United States Naval Institute
- Formation: October 9, 1873; 152 years ago
- Founded at: Annapolis, Maryland
- Type: 501(c)(3) nonprofit organization
- Tax ID no.: 52-1814344
- Headquarters: Annapolis, Maryland
- Products: Proceedings; Naval History;
- Members: Over 50,000 (2016)
- Key people: Harry B. Harris Jr. (Chair); Raymond A. Spicer (CEO and Publisher); Peter Pace (Chair of the Naval Institute Foundation); Chip Wallen (CFO);
- Website: www.usni.org

= United States Naval Institute =

American private non-profit naval military association

The United States Naval Institute (USNI) is a private non-profit military association that offers independent, nonpartisan forums for debate of national security issues. In addition to publishing magazines and books, the Naval Institute holds several annual conferences. The Naval Institute is based in Annapolis, Maryland.

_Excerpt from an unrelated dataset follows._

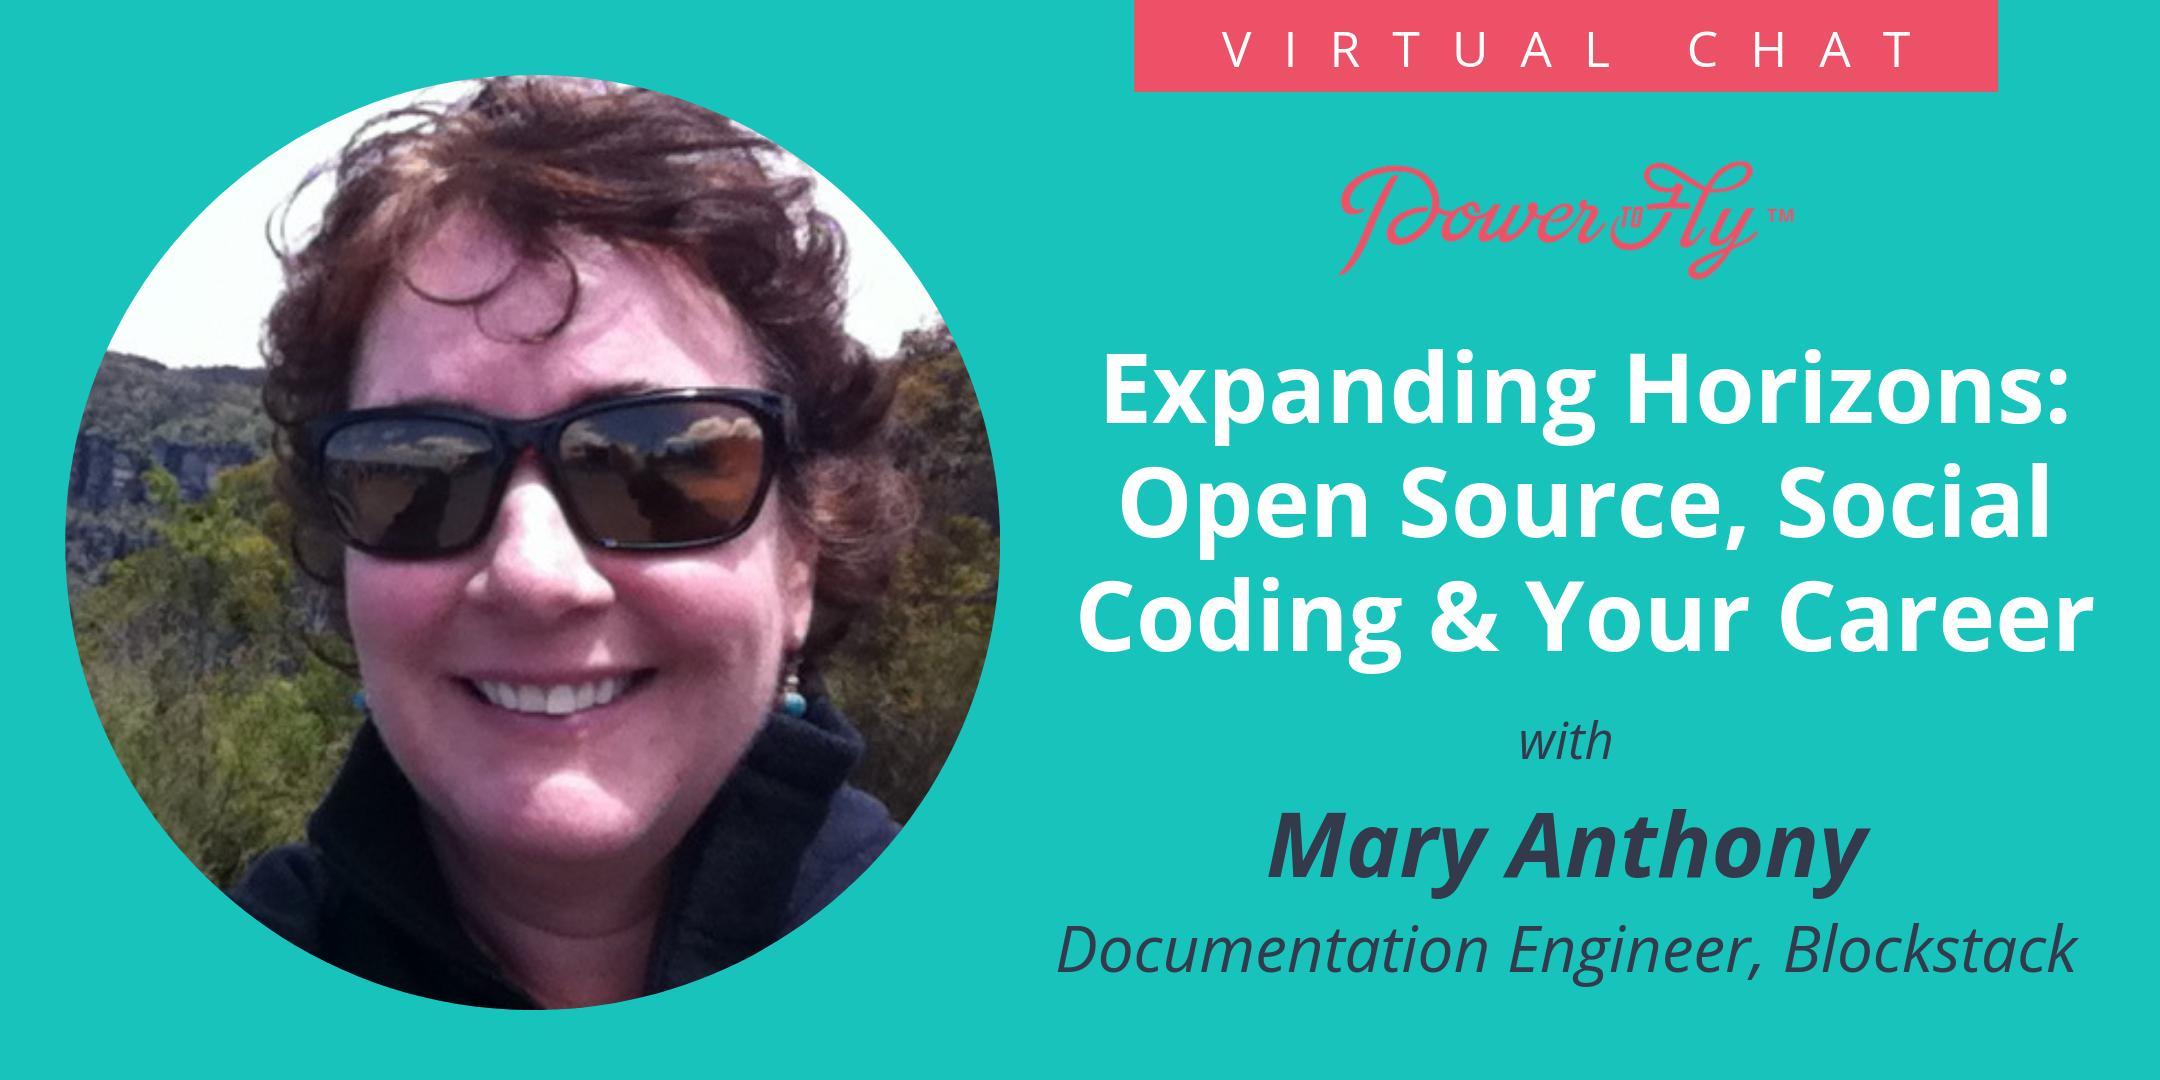 Expanding Horizons: Open Source, Social Coding & Your Career

Established in 1873, the Naval Institute claimed "almost 50,000 members" in 2020, mostly active and retired personnel of the United States Navy, Marine Corps and Coast Guard. The organization also has members in over 90 countries.

The organization has no official or funding ties to the United States Naval Academy or the United States Navy, though it is based on the grounds of the Naval Academy through permission granted by a 1936 Act of Congress.

==History==
The United States Naval Institute was formed on October 9, 1873, by 15 naval officers gathered at the Naval Academy's Department of Physics and Chemistry building in Annapolis to discuss, among other topics, the implications of a smaller, post-Civil War Navy. Rear Admiral John L. Worden, former commander of the USS Monitor, served as the first president.

In 1874, the Naval Institute began to accept papers and publish the proceedings of its discussions, which were distributed to the organization's members. In 1898, the Naval Institute Press was created to publish basic naval guides. The most popular of these, The Bluejacket's Manual, is on its 26th edition, and is still issued to all enlistees of the United States Navy. The press eventually expanded to publish more general-interest titles in history, biography, and current affairs.

In 1992, the Naval Institute Foundation, Inc., was established to stabilize the organization's funding.

In 1999, the Naval Institute transferred its former headquarters, Preble Hall, to the Naval Academy, and renovated a derelict Navy hospital to serve as its new headquarters. The new building was named Beach Hall after Captain Edward L. Beach Jr., author and Navy Cross recipient; and his father, Captain Edward L. Beach Sr., who had served as the institute's secretary-treasurer.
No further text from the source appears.